Stored entries
>>>>
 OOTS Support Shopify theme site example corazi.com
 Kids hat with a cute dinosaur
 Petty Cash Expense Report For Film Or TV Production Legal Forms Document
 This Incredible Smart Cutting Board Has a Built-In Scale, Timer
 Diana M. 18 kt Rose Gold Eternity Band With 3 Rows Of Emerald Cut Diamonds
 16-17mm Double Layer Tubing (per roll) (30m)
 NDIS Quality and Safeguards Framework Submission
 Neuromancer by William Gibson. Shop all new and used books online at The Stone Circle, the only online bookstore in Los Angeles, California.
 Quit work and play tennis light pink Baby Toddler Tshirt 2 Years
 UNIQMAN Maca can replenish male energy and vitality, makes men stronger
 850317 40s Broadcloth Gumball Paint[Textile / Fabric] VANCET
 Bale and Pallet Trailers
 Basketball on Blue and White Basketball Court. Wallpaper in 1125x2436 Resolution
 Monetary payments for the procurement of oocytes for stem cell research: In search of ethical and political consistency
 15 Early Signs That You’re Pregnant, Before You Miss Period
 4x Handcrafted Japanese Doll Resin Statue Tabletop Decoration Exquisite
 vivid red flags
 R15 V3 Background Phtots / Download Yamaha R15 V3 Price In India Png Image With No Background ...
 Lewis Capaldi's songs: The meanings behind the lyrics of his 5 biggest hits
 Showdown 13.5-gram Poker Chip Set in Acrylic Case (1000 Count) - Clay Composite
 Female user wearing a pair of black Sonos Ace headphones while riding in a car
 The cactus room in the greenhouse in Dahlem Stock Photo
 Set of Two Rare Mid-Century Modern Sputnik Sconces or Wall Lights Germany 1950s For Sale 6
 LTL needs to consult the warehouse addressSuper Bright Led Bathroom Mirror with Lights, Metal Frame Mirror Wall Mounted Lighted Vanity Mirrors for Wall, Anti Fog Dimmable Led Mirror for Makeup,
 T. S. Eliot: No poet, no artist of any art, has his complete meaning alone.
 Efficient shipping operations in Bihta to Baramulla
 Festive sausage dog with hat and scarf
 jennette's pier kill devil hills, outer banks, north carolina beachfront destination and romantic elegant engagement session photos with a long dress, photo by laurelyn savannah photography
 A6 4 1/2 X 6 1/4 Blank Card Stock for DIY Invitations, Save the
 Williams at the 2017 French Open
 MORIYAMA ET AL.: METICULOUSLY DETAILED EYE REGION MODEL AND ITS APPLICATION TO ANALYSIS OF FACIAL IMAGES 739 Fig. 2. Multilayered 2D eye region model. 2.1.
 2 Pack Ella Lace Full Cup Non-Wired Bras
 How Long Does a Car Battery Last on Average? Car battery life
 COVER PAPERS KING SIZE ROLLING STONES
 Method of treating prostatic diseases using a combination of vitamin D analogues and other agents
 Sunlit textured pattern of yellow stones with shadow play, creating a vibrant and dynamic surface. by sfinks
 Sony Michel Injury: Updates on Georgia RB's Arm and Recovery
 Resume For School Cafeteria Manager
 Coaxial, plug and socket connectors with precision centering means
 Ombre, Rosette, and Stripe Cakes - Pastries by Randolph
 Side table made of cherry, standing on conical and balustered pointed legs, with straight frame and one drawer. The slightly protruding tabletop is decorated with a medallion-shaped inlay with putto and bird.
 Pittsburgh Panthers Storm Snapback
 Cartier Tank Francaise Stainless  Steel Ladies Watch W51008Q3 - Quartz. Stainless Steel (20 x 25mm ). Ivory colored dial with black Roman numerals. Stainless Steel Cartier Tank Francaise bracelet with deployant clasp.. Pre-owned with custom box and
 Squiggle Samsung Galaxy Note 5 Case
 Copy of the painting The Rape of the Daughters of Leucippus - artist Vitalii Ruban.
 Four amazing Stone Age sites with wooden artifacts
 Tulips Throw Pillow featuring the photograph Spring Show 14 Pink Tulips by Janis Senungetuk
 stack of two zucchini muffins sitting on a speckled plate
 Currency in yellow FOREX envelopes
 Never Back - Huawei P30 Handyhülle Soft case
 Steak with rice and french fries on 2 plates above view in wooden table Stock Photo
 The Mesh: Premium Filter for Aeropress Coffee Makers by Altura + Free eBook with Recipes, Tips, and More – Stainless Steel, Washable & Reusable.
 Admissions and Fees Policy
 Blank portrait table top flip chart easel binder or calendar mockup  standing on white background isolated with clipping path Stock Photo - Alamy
<<<<
EXERCISE: Print exactly the lines from the beginning of the entries through the line with "Diana M. 18". Output nothing more.

THE COMPLETED TASK:
 OOTS Support Shopify theme site example corazi.com
 Kids hat with a cute dinosaur
 Petty Cash Expense Report For Film Or TV Production Legal Forms Document
 This Incredible Smart Cutting Board Has a Built-In Scale, Timer
 Diana M. 18 kt Rose Gold Eternity Band With 3 Rows Of Emerald Cut Diamonds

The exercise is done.